第16話 前回では友達だった男子

 大分稼げるようになってきたし、プライベートでのセキュリティの問題も考えて、お高いマンションに引っ越そうか、という話になった。


 「や゛だぁ゛~お゛でユ゛リ゛ぢゃん゛ど離れ゛だぐな゛い゛~~!!」


 お向かいの築50年以上立ってそうなボロボロの長屋に住む同い年の男子、大西おおにし大吾だいごがギャン泣きしている。色黒で丸坊主、痩せているけどヤンチャで落ち着きがない男子だ。近所でのあだ名は【野生の猿】。前回ではそこそこ中の良い友だちだった。彼ともう一人の男子しか友達は居なかったけどね。その後ボクが遠くに引っ越して疎遠になったけど。


 今回でもそこそこの交流はある。家が目の前なので幼稚園生の時に何度か遊んだだけだけどね。こんなに大泣きするほど別れを悲しまれるとは思わなかった。

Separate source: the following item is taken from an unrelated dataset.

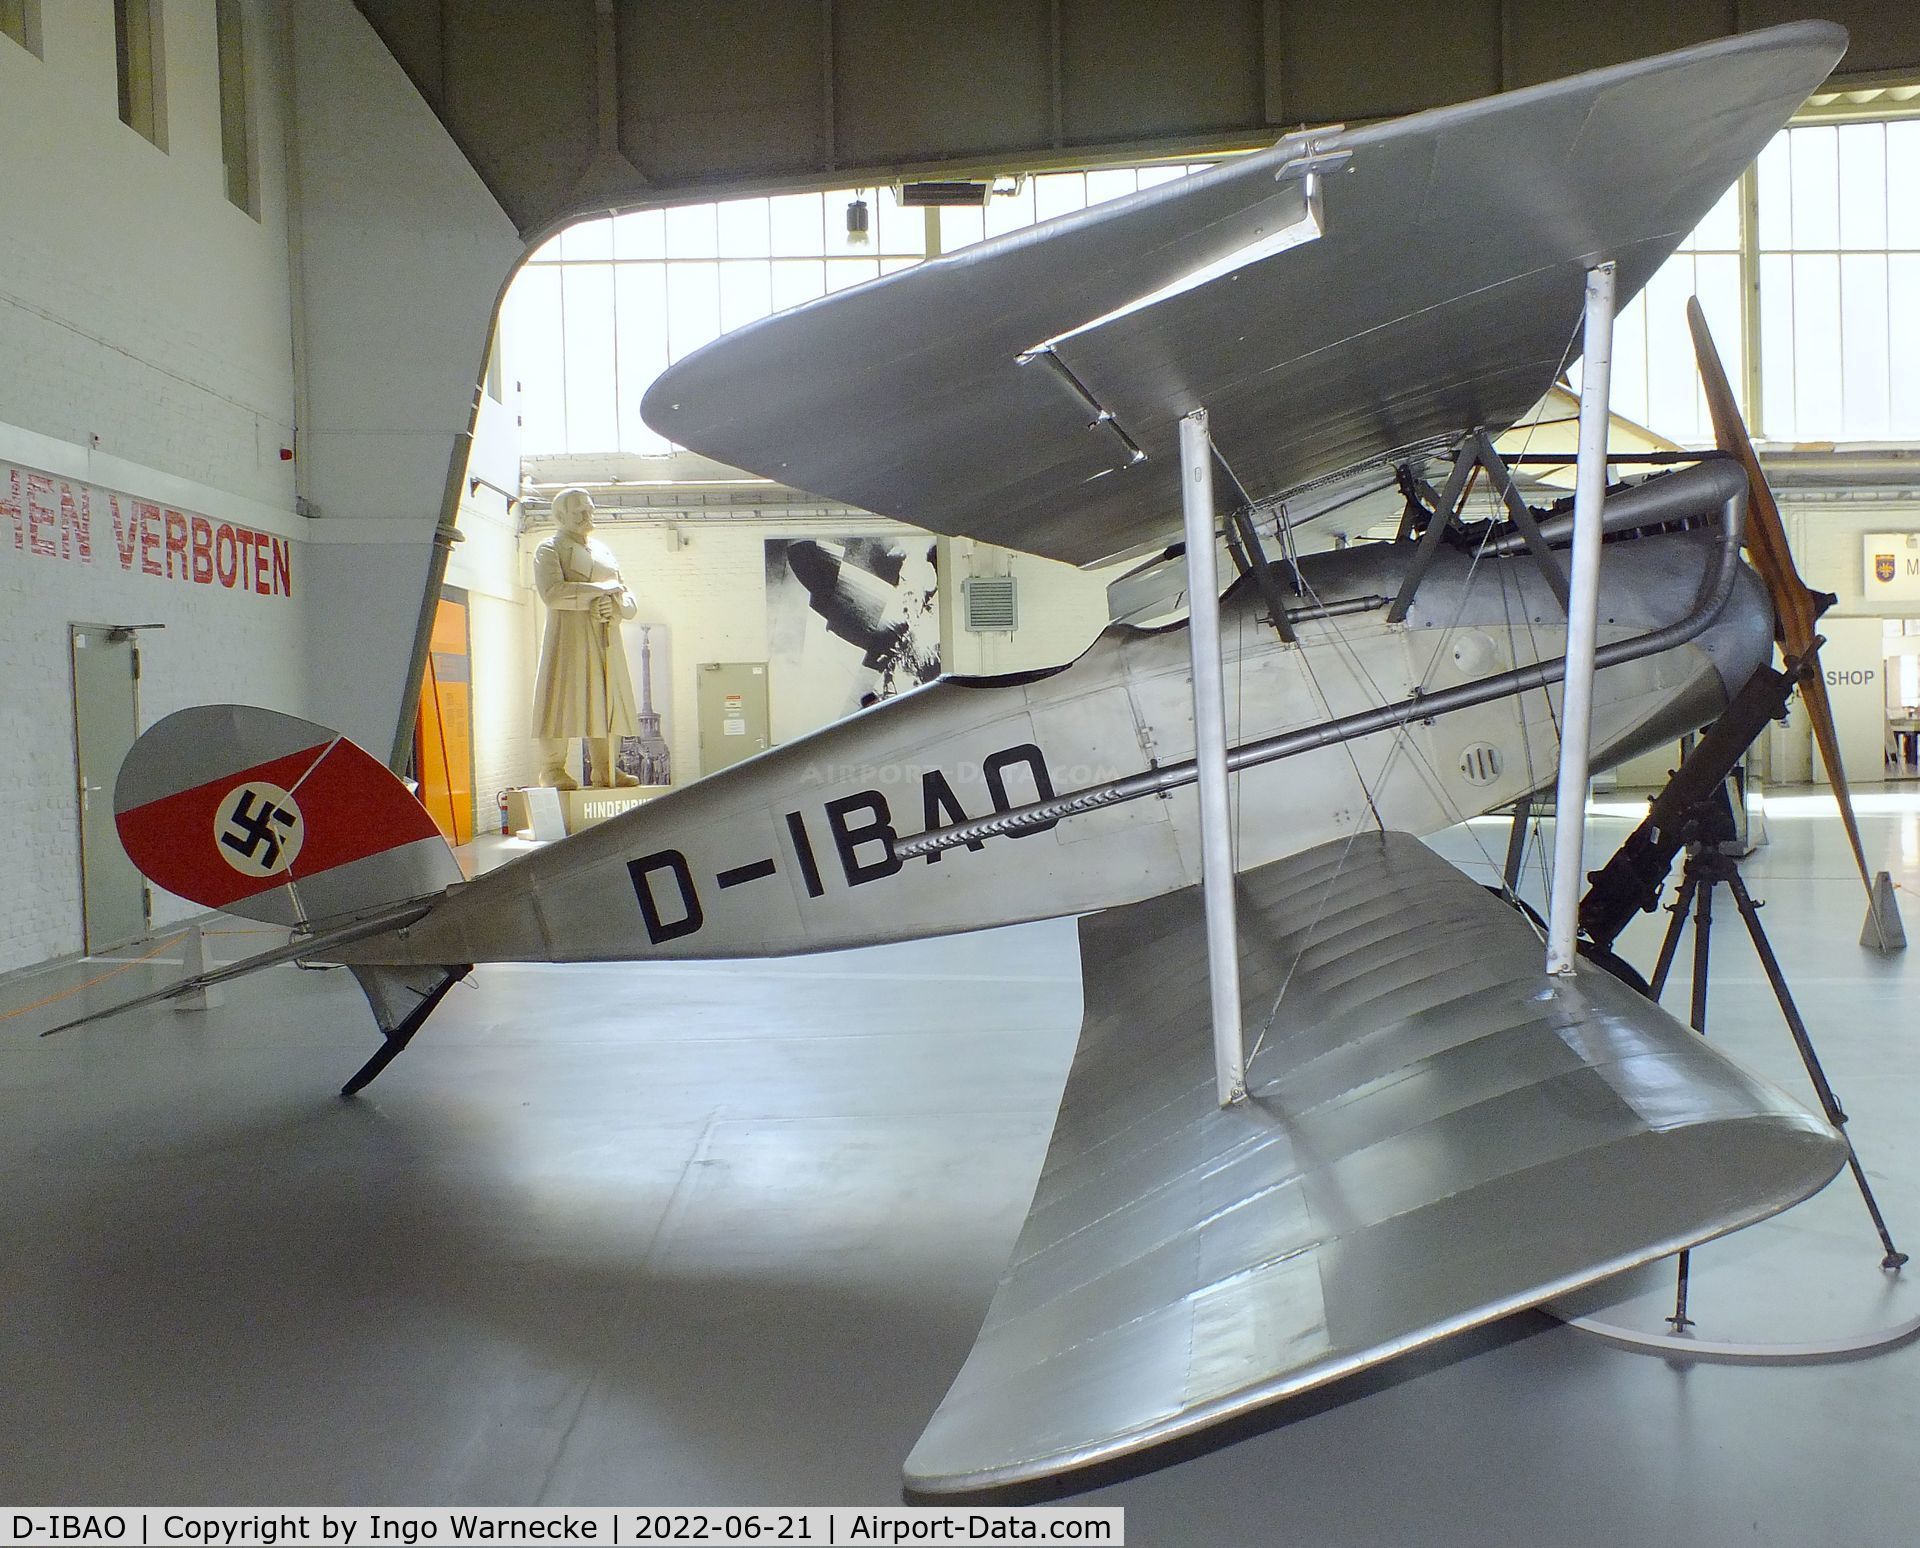 D-IBAO, Halberstadt CL.IV C/N 4205, Halberstadt CL IV civil conversion at the MHM Berlin-Gatow (aka Luftwaffenmuseum, German Air Force Museum)

「グスッグスッ!・・・おれ、大人になったらユリちゃんと結婚するのに!なんでユリちゃん引っ越しちゃうの?!」

「え?結婚しないよ?ここは小学校から遠いから引っ越すんだよ。」


 相手は小1(ボクもだけど)だから、単純に学校に近い所に引っ越すと説明した。そして結婚しないと言われまた泣いた。ダイゴはガキ大将的な性格であまり人の話を聞かないで自分のワガママを通すヤツだったから、今も思い通りに行かなくて駄々を捏ねてる。

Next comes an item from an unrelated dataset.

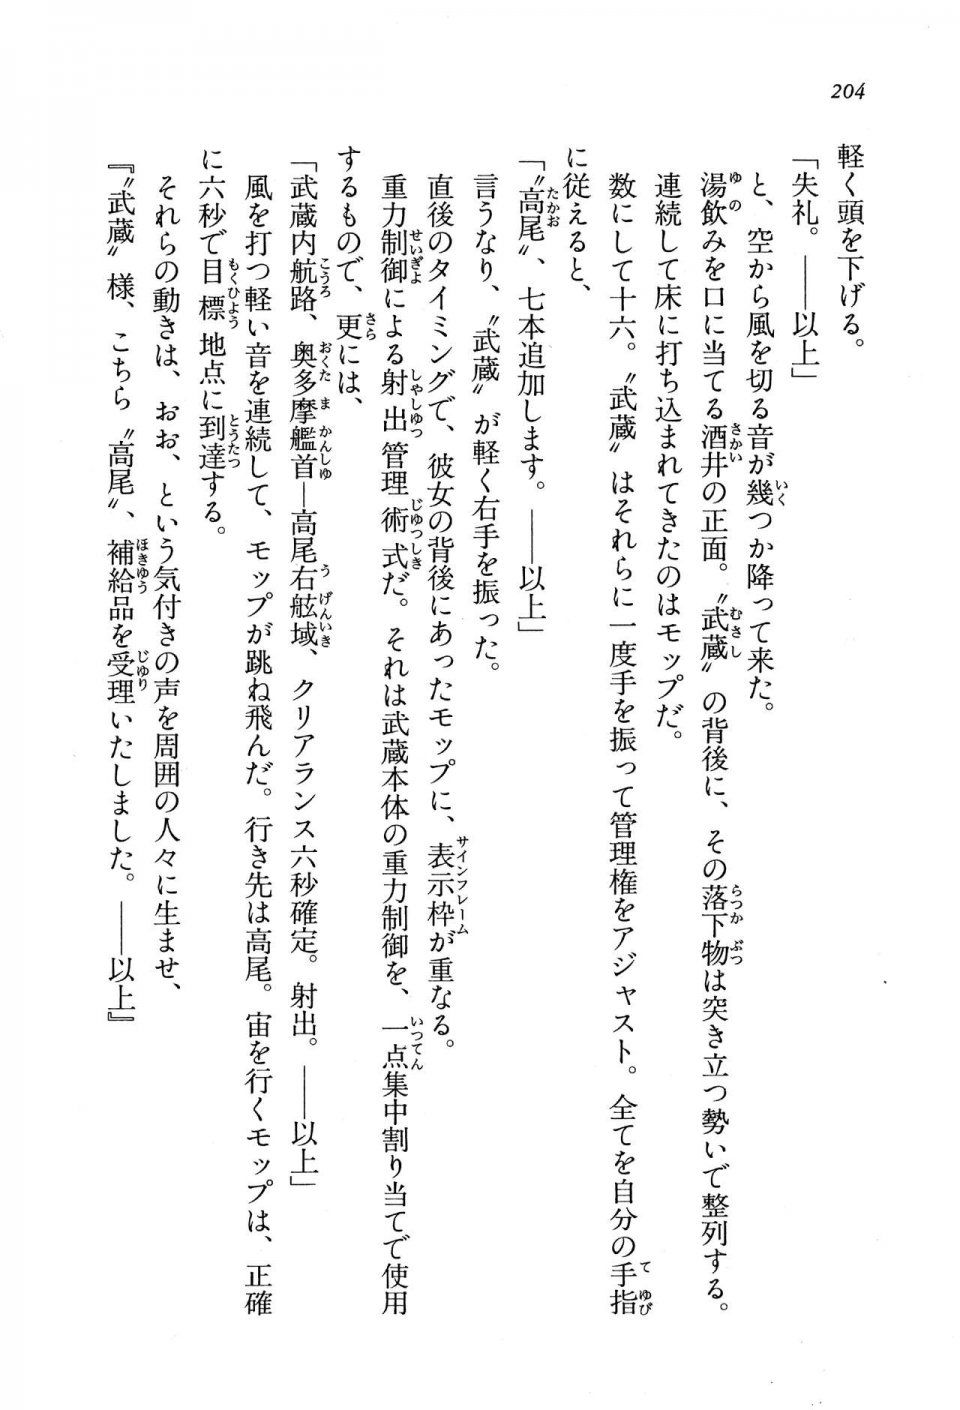 Kyoukai Senjou no Horizon BD Special Mininovel Vol 8(4B) - Photo #208

 見かねたダイゴの父がダイゴを引きずっていって説教を始めた。ボクは引っ越しの準備があるから一度家に戻り、数時間後様子を見に行ったら、何故かダイゴは紐で縛られて木にから逆さまに吊り下げられて泣いていた。


「うちの大吾がすまないね。ユリちゃんが引っ越すまで出来るだけ家の中に縛り付けとくから安心してくれ。」


 ダイゴの父親はしっかりした人で、ガキ大将なダイゴとその弟ショウゴ、ケイゴは父親には逆らえない。ダイゴ父が言うなら大丈夫だろう。


 ちなみにダイゴの弟達もヤンチャだ。次男のショウゴはマセていて、干していたボクのパンツを盗んだ事がある。直ぐに父親にバレて折檻されていた。三男のケイゴは幼稚園で他の園児を叩きまくる事で暴れん坊と有名だ。



 引っ越し当日。引っ越し作業は業者にお願いしたのであっという間に荷物は運ばれていった。ボクとお母さんは荷物を纏めただけだった。


 お母さん的にはお向かいさんはあまり関わりたくなかったらしく、お別れの挨拶もサラッと済ませた。引っ越した後に聞かされたんだけど、お向かいは取り壊して別の住宅を建てる予定だったけど、元々建物が寿命だから取り壊しまでならばタダで住んで良いよと言われて住んでいたそうだ。なのに取り壊しの時になると立ち退きを拒否して居座り続けていたらしい。当然大家さんは何度も立ち退き勧告を出していたそうだ。確かにあの長屋、ダイゴ達の住む所以外は崩落してた。ダイゴ家は父がDIYで補強していたようだ。いつ倒壊してもおかしくない家だったのによく住んでたね。


 ダイゴ父はしっかりした人だと思ってたのに、世間的にはダメな大人だった。流石にそれはボクにも見極められなかった。


 この件をきっかけに人を見る目も養おうと心に決めたのでした。